Among the prisoners were also a number of priests. Lubos Hruska, previously an atheist, turned to God as his last hope.

"Franta was a Jesuit, a doctor of theology and a great person. I asked him to baptize me and he agreed. We used to walk around the cell and talk. He was preparing me illegally. No one knew, none of the prisoners, there were spies in every cell. And one day they ordered us to line up. I asked Franta to baptize me as it was not likely that I would see him again. I saw him after I got out of a prison. That day I made a promise, that if I ever got out of the prison I would turn our garden into a place that would heal and cure the soul."

Hruska was transferred once again in 1953, this time to a labour camp where he worked in the uranium mines. The majority of prisoners were intellectuals such as professors or priests; many of them died. Lubos Hruska was pardoned in 1960, after eleven years in various prisons.

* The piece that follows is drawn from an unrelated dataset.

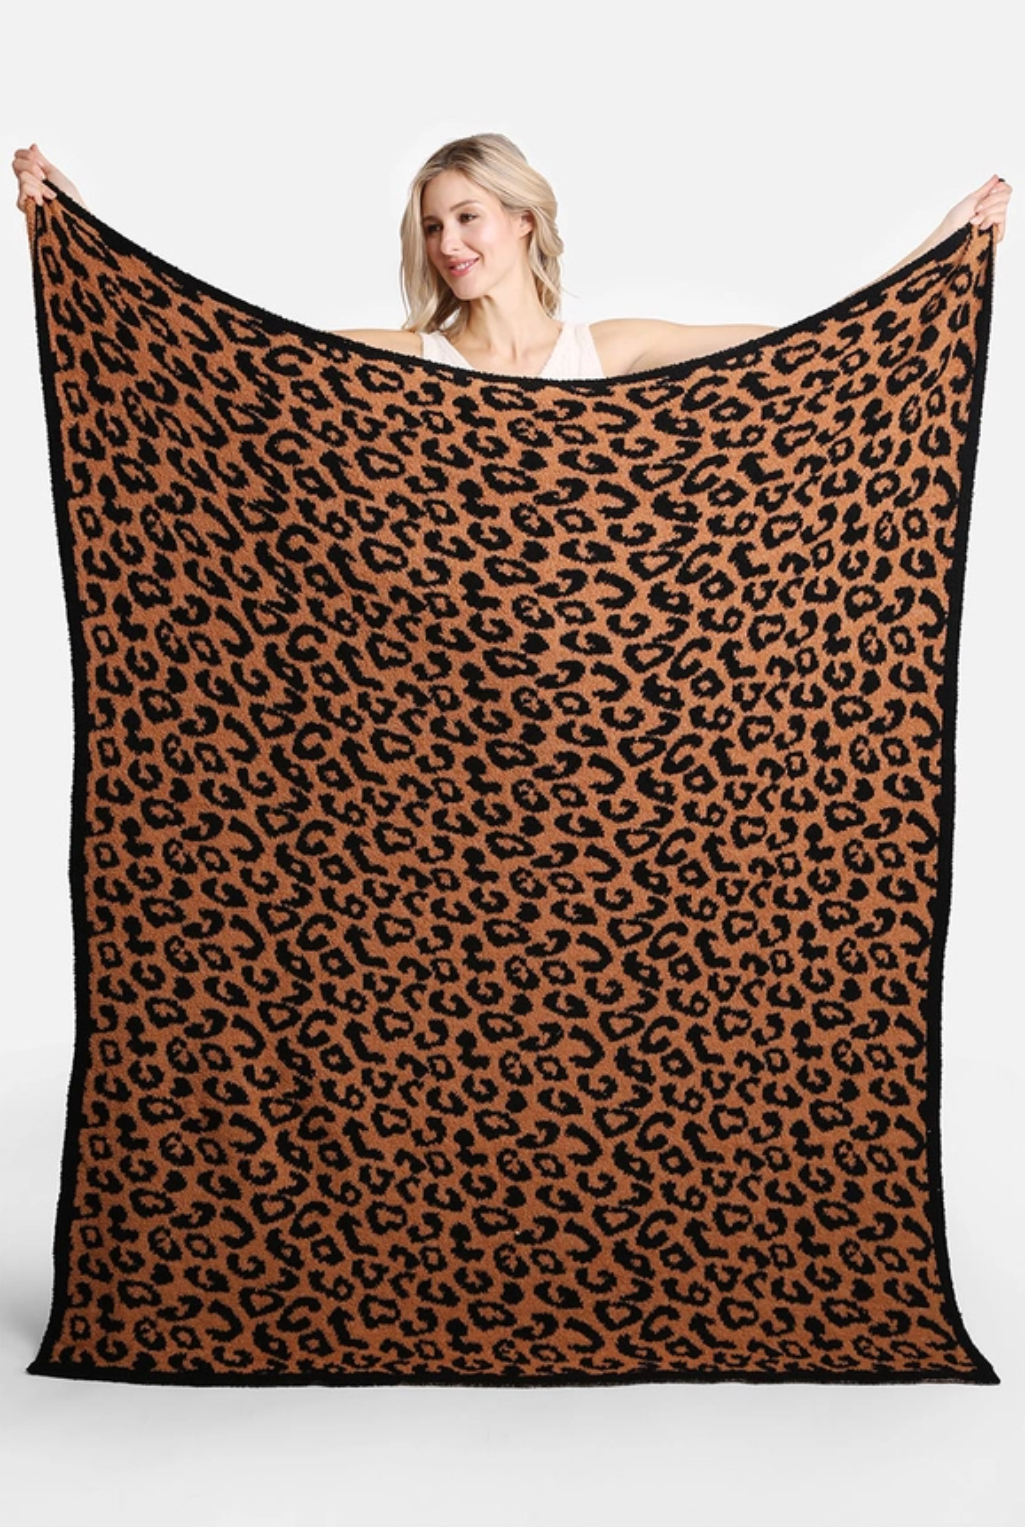 Leopard Blanket - Black

The return to reality was more than hard. The former prisoner couldn't find a job and was seriously ill. Nevertheless he immediately started fulfilling the promise he had made to himself in the prison. Hruska started creating the garden, which he named the garden of victims of evil.

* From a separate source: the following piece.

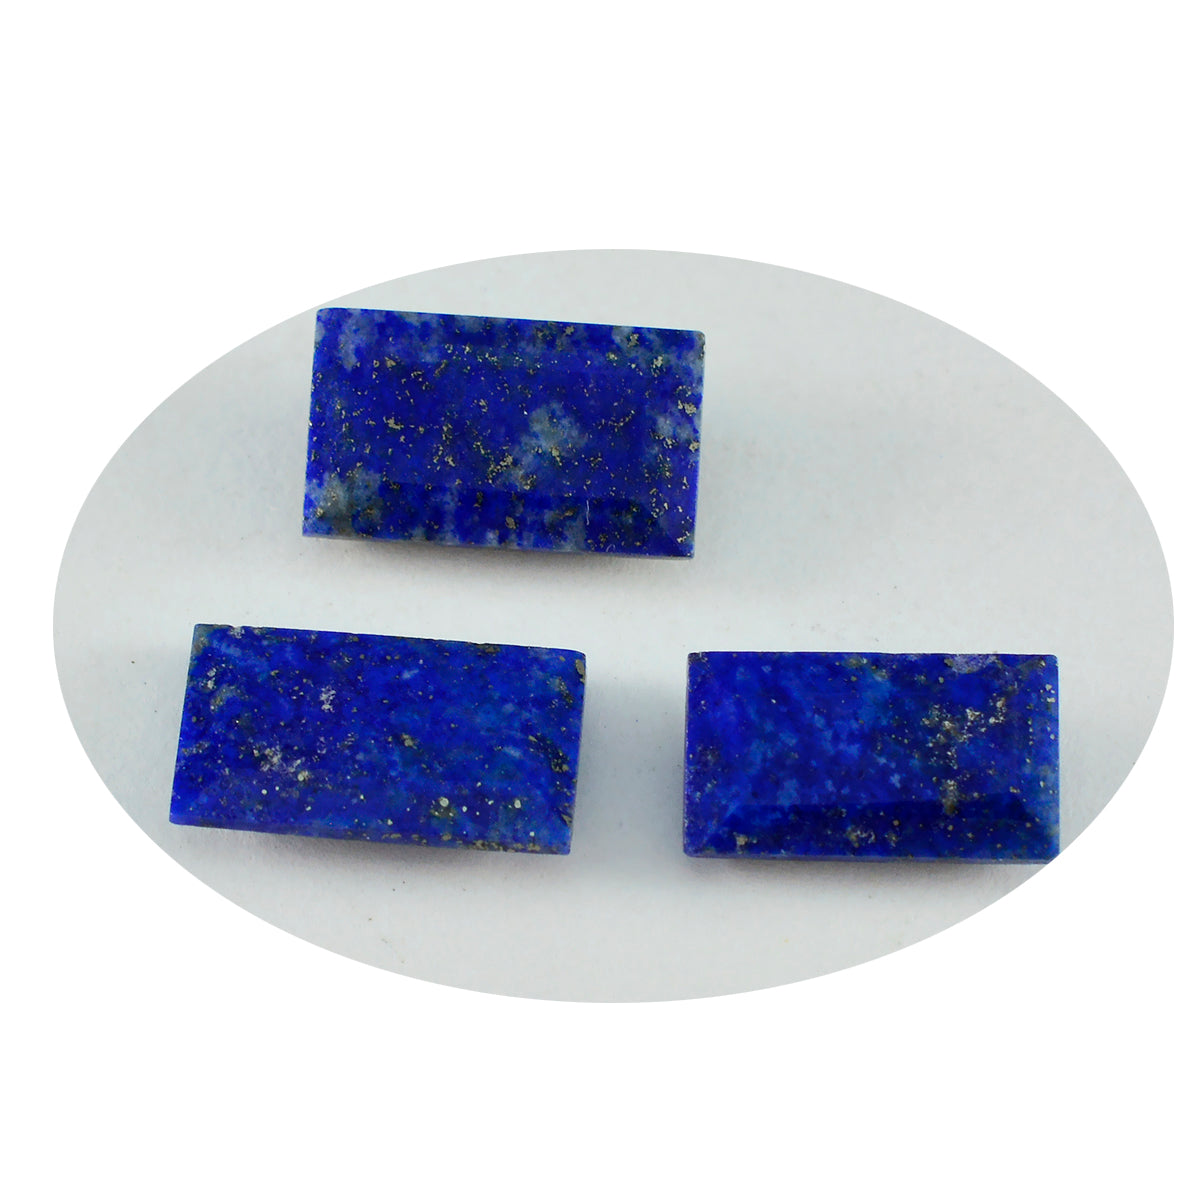 riyogems 1 шт. натуральный синий лазурит ограненный 8x16 мм драгоценный камень в форме багета сладкий качественный драгоценный камень

"I had decided that the garden would take the form of the Stations of the Cross. Each of us has some kind of trouble; some pain, misery and we have to learn to live with them. We all carry our cross, one day it is lighter, the next it is heavier."

Lubos Hruska cut fruit trees, planted evergreens and created a unique garden architecture. A sculptor and friend Roman Podrazsky took Hruska's idea to the final stage and made twelve sand-stone monuments, each of them picturing the Stations of the Cross.

"I was rehabilitated, I was made a colonel and we were given some small compensation. They worked out how much money we would have earned during the years we spent in the prisons, and gave us some money depending on the length of our imprisonment. But that is not important to me. The only thing I want is for the Bolsheviks to disappear. That is the most important of all. I would do anything for it to happen, but our people help them instead of getting rid of them. All politicians say that they don't want to have anything to do with communists, but I don't believe them anymore."

Lubos Hruska's story was told to the non-profit organisation Post Bellum, which records and publicises the stories of people who suffered and fought during World War II. Its journalists record their memories, which are broadcast by Czech Radio in a programme called "Stories of the 20th Century".